关于Offloading这个术语，可以这么理解：任何异构代码会被下放到某个设备去执行，该设备可以是普通的CPU，也可以是GPU、FPGA等加速器，所以把包括CPU在内的多设备统称为Offloading。在异构情形下，CPU被叫做host，它的工具链也被称为DefaultToolChain。

4.2 构建输入文件列表

正如此前强调的那样，driver需要通过分析每个输入文件的类型，然后选用合适的工具链构建编译命令，而这一步是由函数BuildInputs实现的。先看下输入源文件列表是什么数据结构：

using InputTy = std::pair<types::ID, const llvm::opt::Args *>;
using InputList = SmallVector<InputTy, 16>;

driver使用InputList来保存，该数据结构就是一个简单的pair数组，pair记录了一个源文件的类型以及对应的输入参数。clang中有哪些源文件类型可以查看Types.def，其中定义了各种源文件、编译中间文件的类型及额外信息。

TYPE("cpp-output",               PP_C,         INVALID,         "i",      phases::Compile, phases::Backend, phases::Assemble, phases::Link)
TYPE("c",                        C,            PP_C,            "c",      phases::Preprocess, phases::Compile, phases::Backend, phases::Assemble, phases::Link)
TYPE("cl",                       CL,           PP_C,            "cl",     phases::Preprocess, phases::Compile, phases::Backend, phases::Assemble, phases::Link)
TYPE("clcpp",                    CLCXX,        PP_CXX,          "clcpp",  phases::Preprocess, phases::Compile, phases::Backend, phases::Assemble, phases::Link)
TYPE("cuda-cpp-output",          PP_CUDA,      INVALID,         "cui",    phases::Compile, phases::Backend, phases::Assemble, phases::Link)
TYPE("cuda",                     CUDA,         PP_CUDA,         "cu",     phases::Preprocess, phases::Compile, phases::Backend, phases::Assemble, phases::Link)
TYPE("cuda",                     CUDA_DEVICE,  PP_CUDA,         "cu",     phases::Preprocess, phases::Compile, phases::Backend, phases::Assemble, phases::Link)

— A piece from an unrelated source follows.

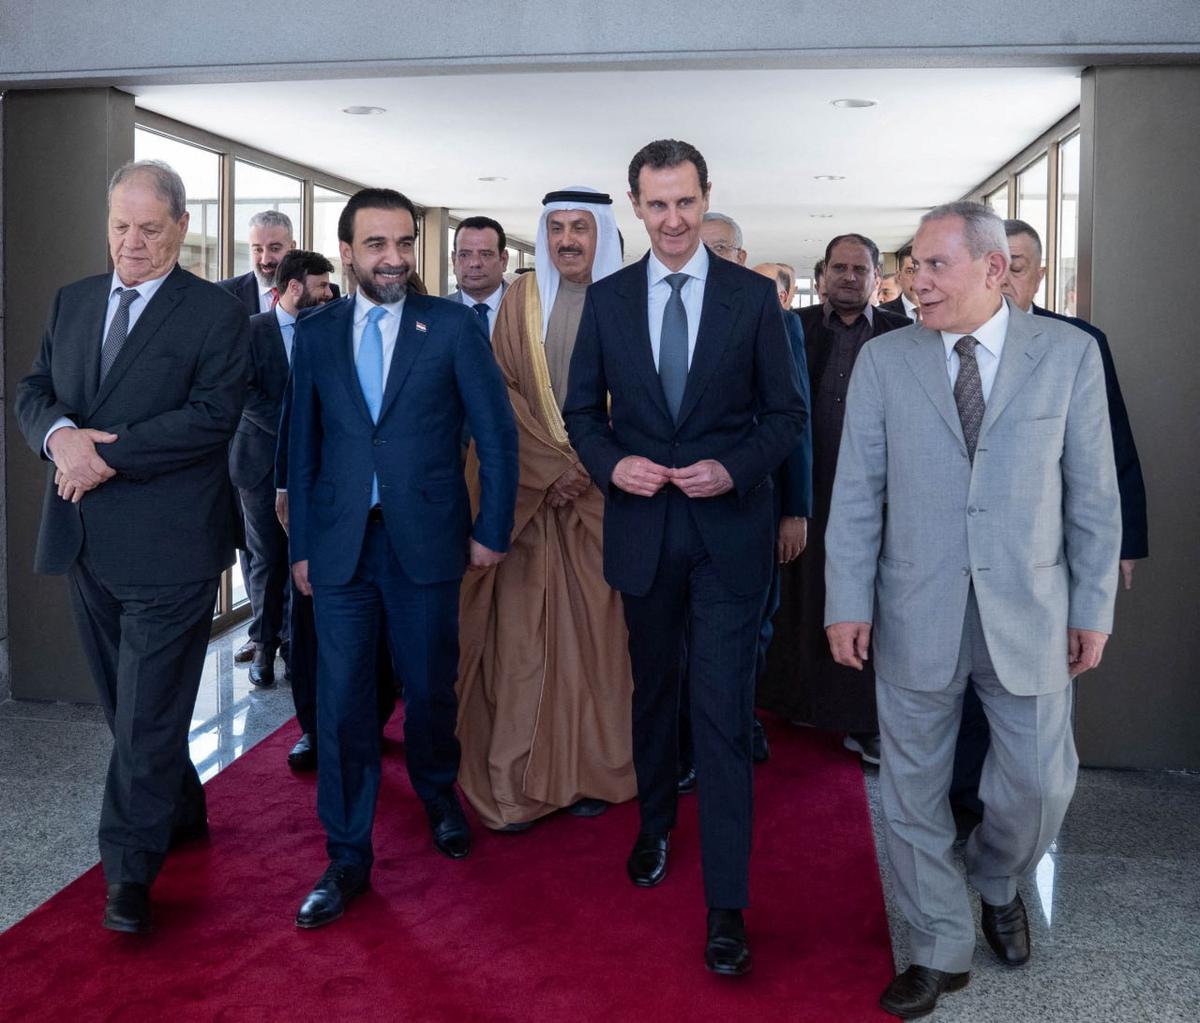 Syria’s President Bashar al-Assad welcomes a delegation from the Arab Inter-Parliamentary Union in Damascus, Syria on February 26, 2023

知道了InputList，那么如何构建这个列表呢？drvier处理过程如下：

遍历此前解析的ArgList，如果当前参数是InputClass，则说明是一个输入文件，着手处理。
1. 先看之前有没有遇到-x选项，如果遇到过，那么直接以该选项设置的文件类型当作本参数的类型，填入InputList中。
2. 如果没遇到过-x，则解析输入文件的后缀，查询其文件类型。
如果当前参数含有LinkerInput标志(-lxxx选项)，则说明该参数的值是一个obj文件，将其填入InputList中。
如果当前参数是-x选项，则记录该选项设置的文件类型，供后续输入文件使用。

4.3 创建device的工具链并注册

有了InputList，接下来是分析其中是否包含特定设备的输入源文件，然后将对应的device工具链进行注册。该过程由CreateOffloadingDeviceToolChains实现，实现方式如下：

遍历InputList，判断其中是否有CUDA/HIP的文件类型。目前clang支持CUDA/HIP/OpenMP三种device的工具链。

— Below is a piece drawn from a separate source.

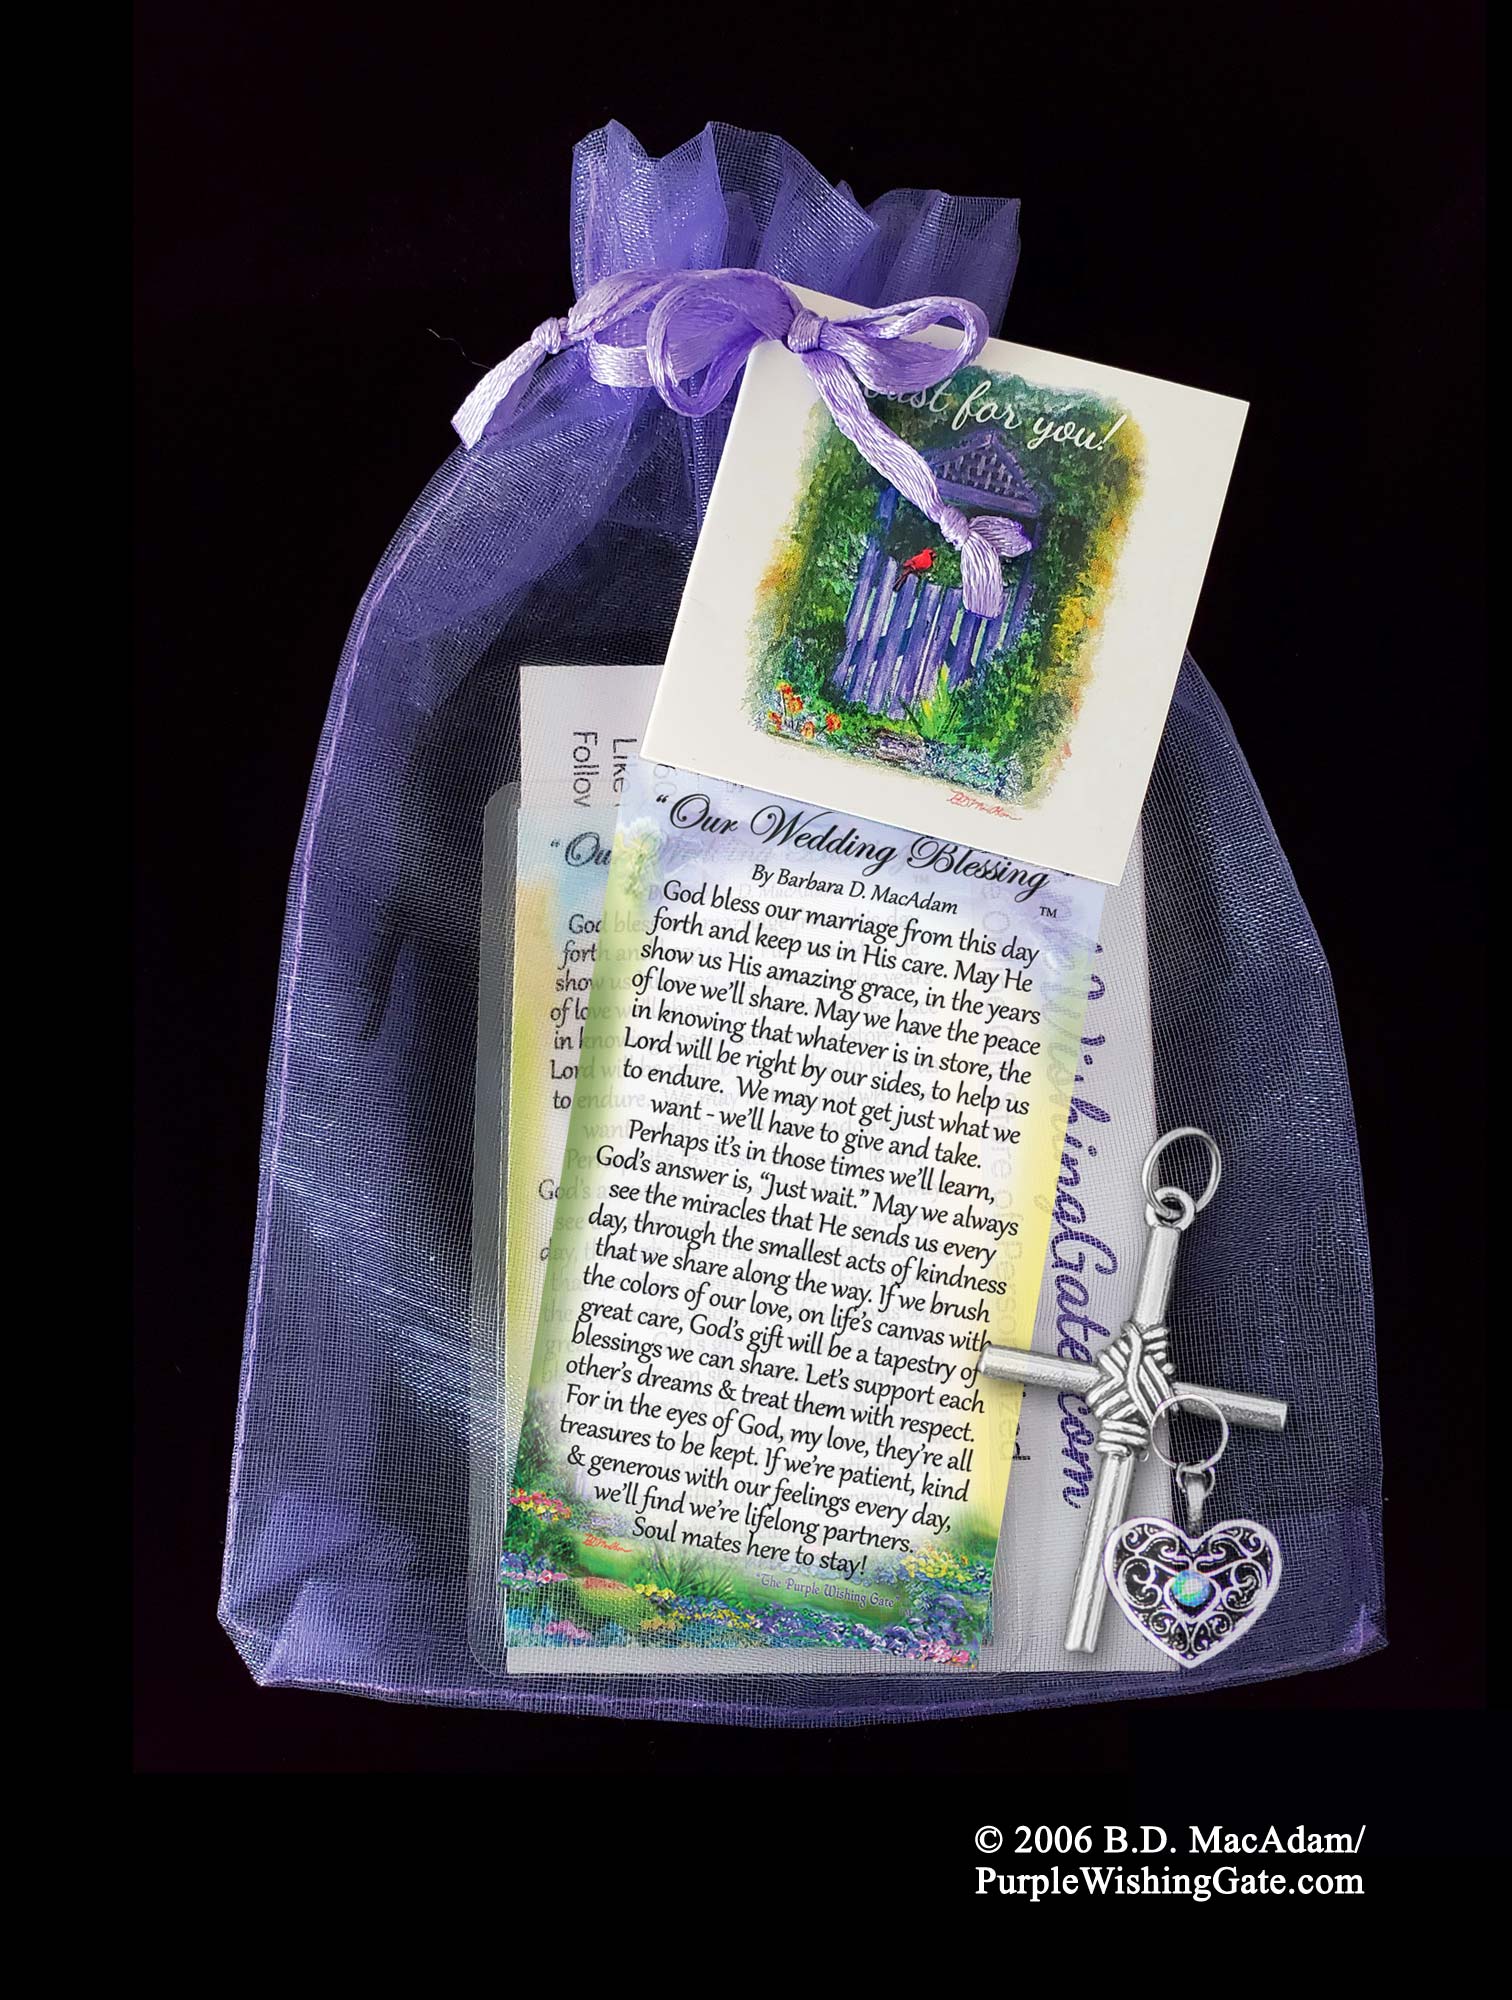 Our Wedding Blessing - Pocket Blessing | PurpleWishingGate.com

以HIP为例，若找到HIP的输入源文件，则创建一个HIPAMDToolChain的类，并将其注册到driver的ToolChains结构中。ToolChains是一个string map，对于HIP来说，它的索引key是由host的triple与HIP的triple组成的字符串。

const ToolChain &Driver::getOffloadingDeviceToolChain(
      const ArgList &Args, const llvm::Triple &Target, const ToolChain &HostTC,
      const Action::OffloadKind &TargetDeviceOffloadKind) const {
    // Use device / host triples as the key into the ToolChains map because the
    // device ToolChain we create depends on both.
    auto &TC = ToolChains[Target.str() + "/" + HostTC.getTriple().str()]; // device的索引key是target triple + host triple字符串
    if (!TC) {
      // Categorized by offload kind > arch rather than OS > arch like
      // the normal getToolChain call, as it seems a reasonable way to categorize
      // things.
      switch (TargetDeviceOffloadKind) {
      case Action::OFK_HIP: {
        if (Target.getArch() == llvm::Triple::amdgcn &&
            Target.getVendor() == llvm::Triple::AMD &&
            Target.getOS() == llvm::Triple::AMDHSA)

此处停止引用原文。